**How to complete this task:** Look below for the line that contains "Taku Media LLC", then copy it and each following line exactly, through and including the line that contains "Скетчбук ПСВ А4".

**The data:**
-.-.-

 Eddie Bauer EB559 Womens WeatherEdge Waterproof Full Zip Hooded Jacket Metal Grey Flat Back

-.-.-

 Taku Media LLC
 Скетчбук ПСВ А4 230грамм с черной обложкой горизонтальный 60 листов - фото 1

-.-.-

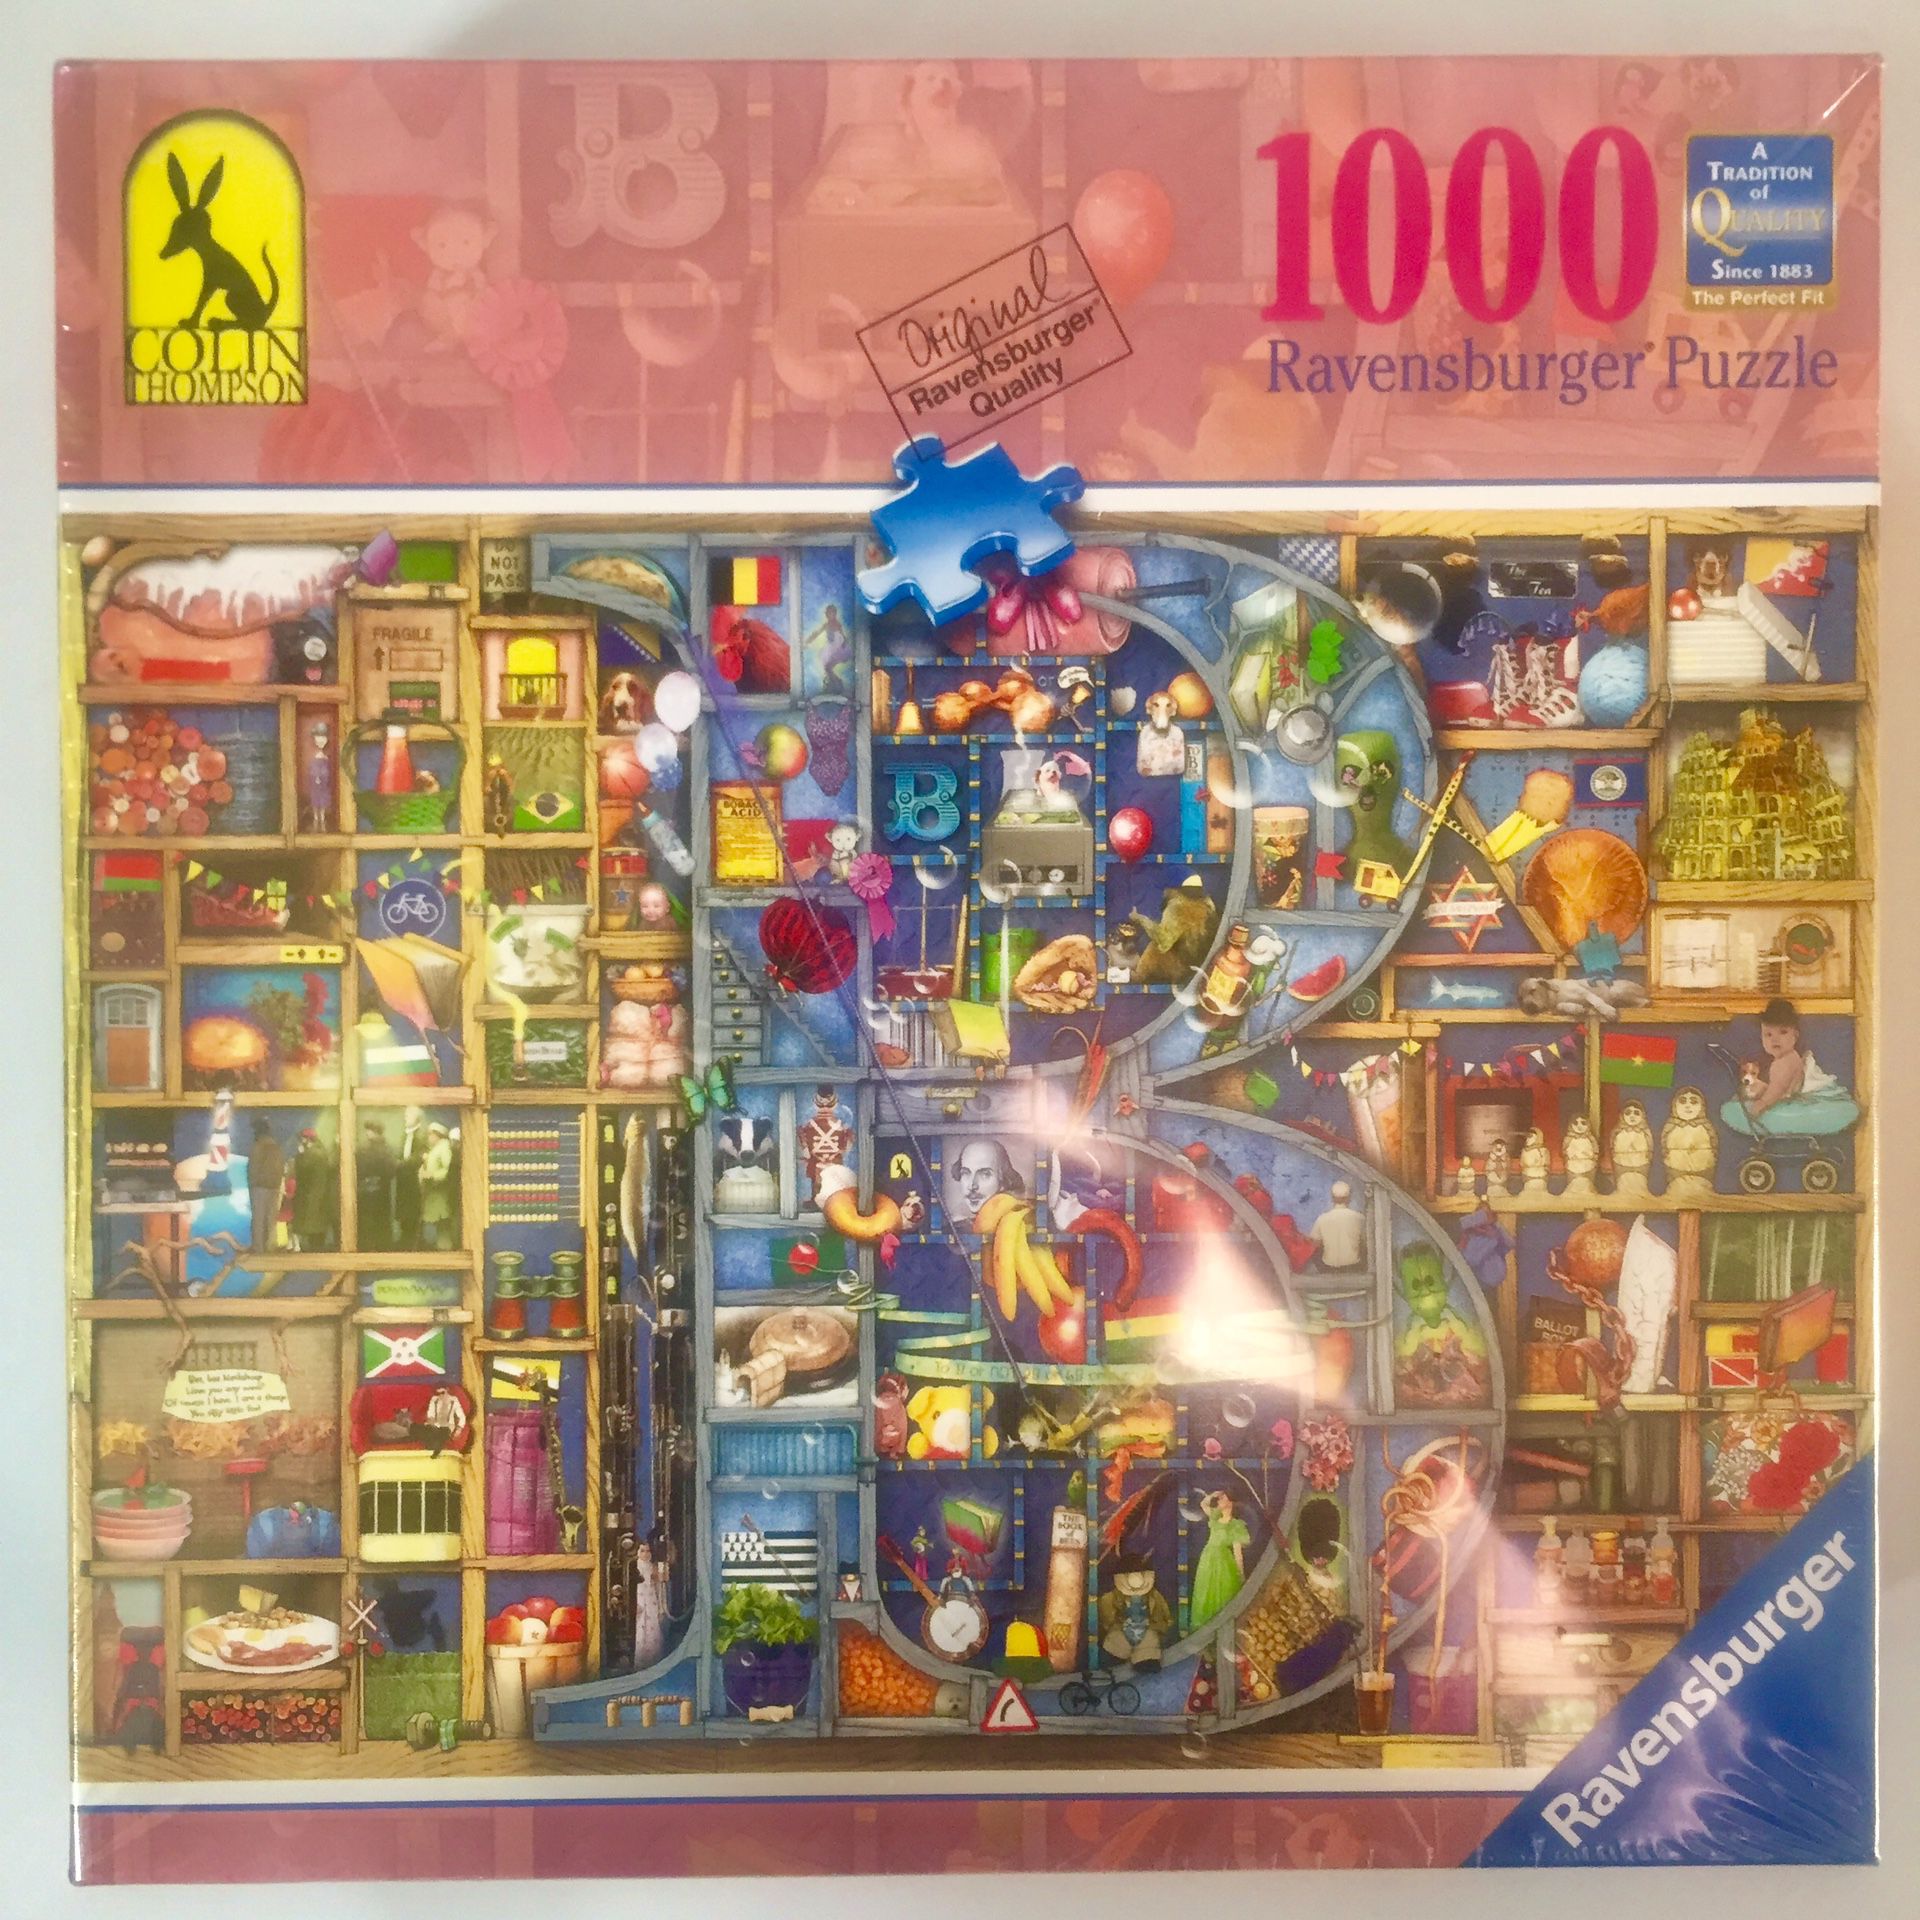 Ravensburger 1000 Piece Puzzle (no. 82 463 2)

-.-.-

**Solution for this problem:**
 Taku Media LLC
 Скетчбук ПСВ А4 230грамм с черной обложкой горизонтальный 60 листов - фото 1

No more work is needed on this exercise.